Они скакали рядом, испытующе осматривая друг друга.
— Послушай, дружище, — промолвил Кэм, — ты гимнасий-то окончить успел?
— Некогда было, — блеснул в ответ мгновенной усмешкой младший сын великого Тенция. — Должен же кто-то у атлантов коней тырить?
По обе стороны дороги тянулся довольно густой сосновый лес, перемежающийся молодыми орешником и липами. Через несколько минут езды по этому своеобразному коридору Кан заметил впереди расширяющееся пространство, в котором что-то жирно блестело на солнце.
— Если это атланты, сделай вид, что преследуешь меня, я пробью проход, а ты гони к кипарису. Меня им всё равно не догнать. Я их придержу и приведу в засаду, — удалой разведчик Ритатуя дал шенкеля своему бесподобному скакуну и помчался вперёд, наматывая на левое предплечье новенький плащ.
Старый десятник Молосс, командующий двадцатью конниками, с неописуемым изумлением увидел, что к его дозору скачет Белый Султан верхом на легендарном Диве, а его по пятам преследует ахейский всадник.
— На помощь! На помощь! — орал первый, и в его воплях слышался отчётливый иберский акцент.
По сигналу десятника, дозор привычно выстроился двойной подковой, оставив в центре проход для ураганного Дива, но его наездник внезапно выбросил в стороны руки, и двое ближних всадника вылетели из сёдел так далеко, точно их выбросило катапультой. После этого странного поступка он резво развернул Дива влево и взмахом меча отправил на тот свет одного из лучших воинов десятка.
— За мной, ур-ро-ды! — отвесив издевательский поклон, пригласил он на скачку опытных воинов конного когопула.
И они не посмели отказаться. Хотя любой из них прекрасно понимал, что не на их конях гоняться за Дивом, у них была надежда, что они успели отдохнуть на поляне, а Див проскакал больше трёх километров, да и его наездник, кем бы он ни был, не производил впечатления прирождённого кавалериста. Между тем ахейский всадник, «преследовавший» свихнувшегося Боевого Петуха, проскочил в образовавшийся проход и умчался, спрятавшись за могучим корпусом лучшего скакуна Империи. Под прикрытием Кана, Кэм оторвался от пикета на полсотни шагов, его Ясень мчался легко и неутомимо — Аристарх плохих коней тоже не держал.
Дав соплеменнику возможность набрать фору, Кан в свою очередь, пришпорил Дива и через минуту вышел из зоны обстрела, отделавшись тремя копьями, угодившими в верхнюю часть спины — атланты предусмотрительно целили выше, чтобы не поранить драгоценного скакуна, но наконечники из тёмной бронзы не способны были пробить доспехи сотника шестого когопула.

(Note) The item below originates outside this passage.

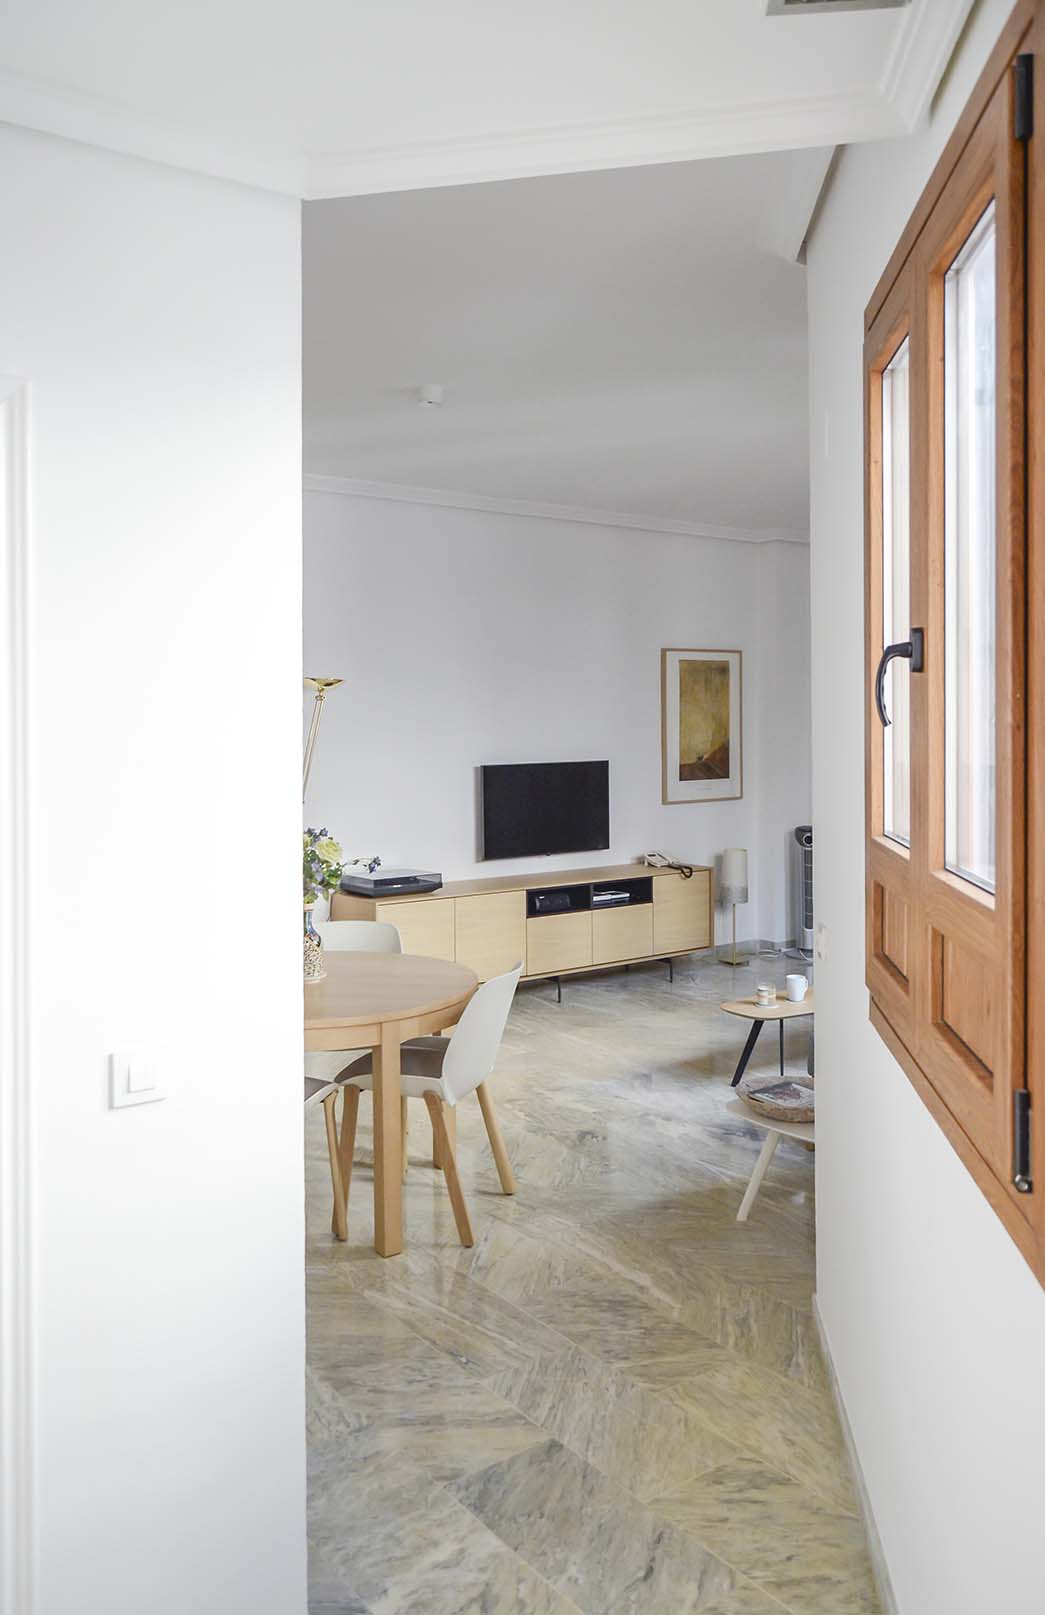 Las paredes y las puertas se han pintado en blanco cálido (RAL 9010), para subrayar la personalidad del mobiliario, y mejorar la luminosidad de un salón interior. La iluminación se potenció mediante unos miniplafones ópticos que subrayan la discreción de la intervención.

Оторвавшись от ближайшего преследователя на шестьдесят-семьдесят шагов, юный разведчик Ритатуя, выровнял скорость своего скакуна с бегом вражьих коней. Схлёстка с имперскими солдатами влила в него полную уверенность в собственных силах и возможностях своего скакуна, поэтому он прямиком вёл вражеский разъезд в засаду — Медис и Гетиды вояки хоть куда, Кэм, судя по мощи ударов, тоже, так что всемером они вполне способны навкладывать преследователям. Пленник в качестве доказательства успешности разведки был бы очень кстати.

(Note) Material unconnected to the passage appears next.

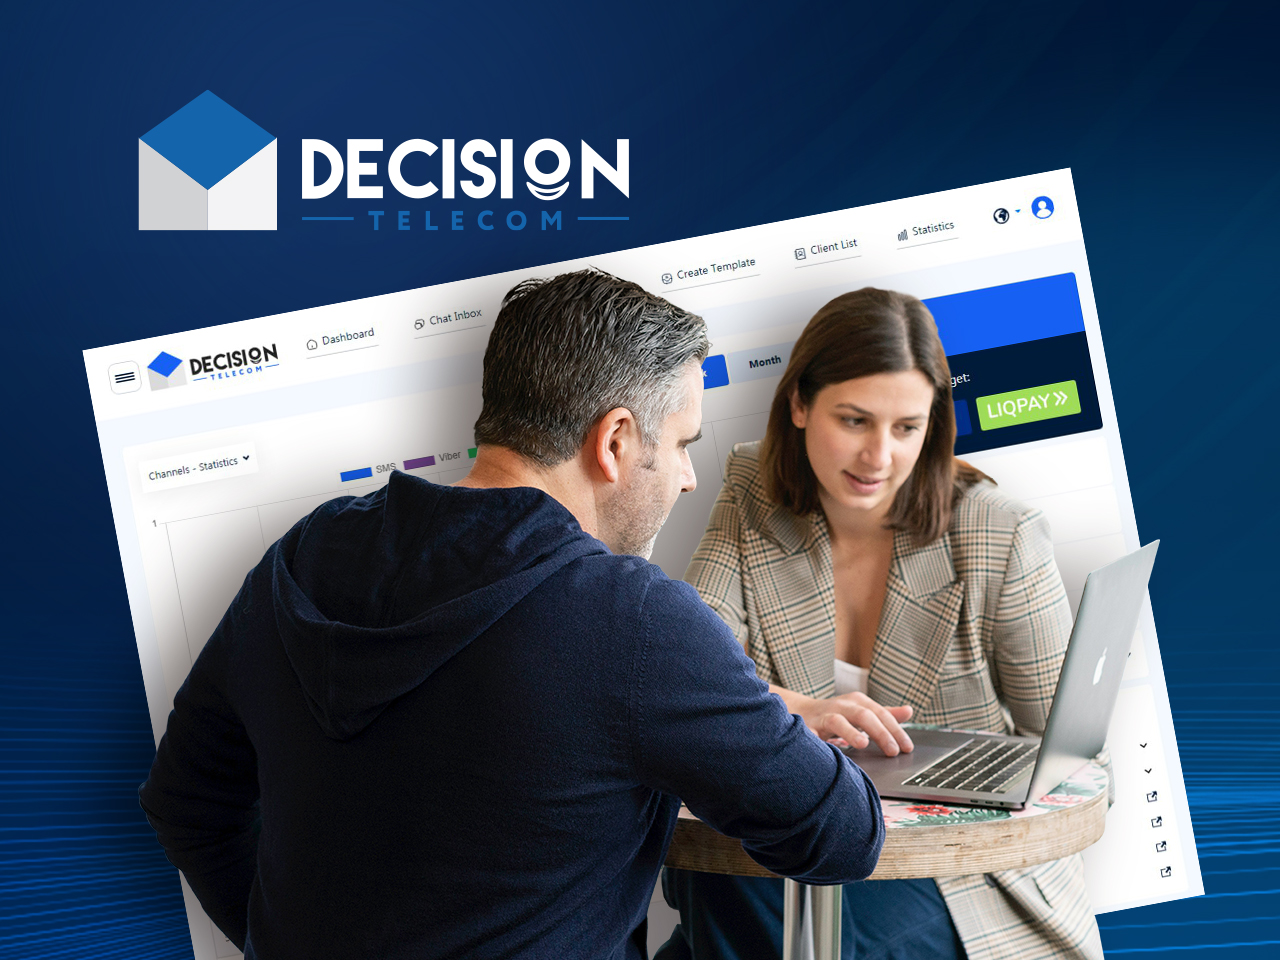 Вітайте новий вебдизайн адмінпанелі Decision Telecom!

У обгорелого кипариса было пусто, но когда вслед за ахейским разведчиком атланты свернули на афинскую дорогу, из окрестных кустов полетели дротики, выкашивая задних и передних. А на сгрудившихся всадников в середине отряда обрушились верховые Ним, Шат, Аробист и Кэм. Медису пешая драка была привычнее, поэтому богатырь Ойнейской филы врезался в атлантов с мечом в одной руке и с дротиком — в другой.
— Не троньте десятника! — крикнул Кан, разворачивая Дива. — Брать живьём!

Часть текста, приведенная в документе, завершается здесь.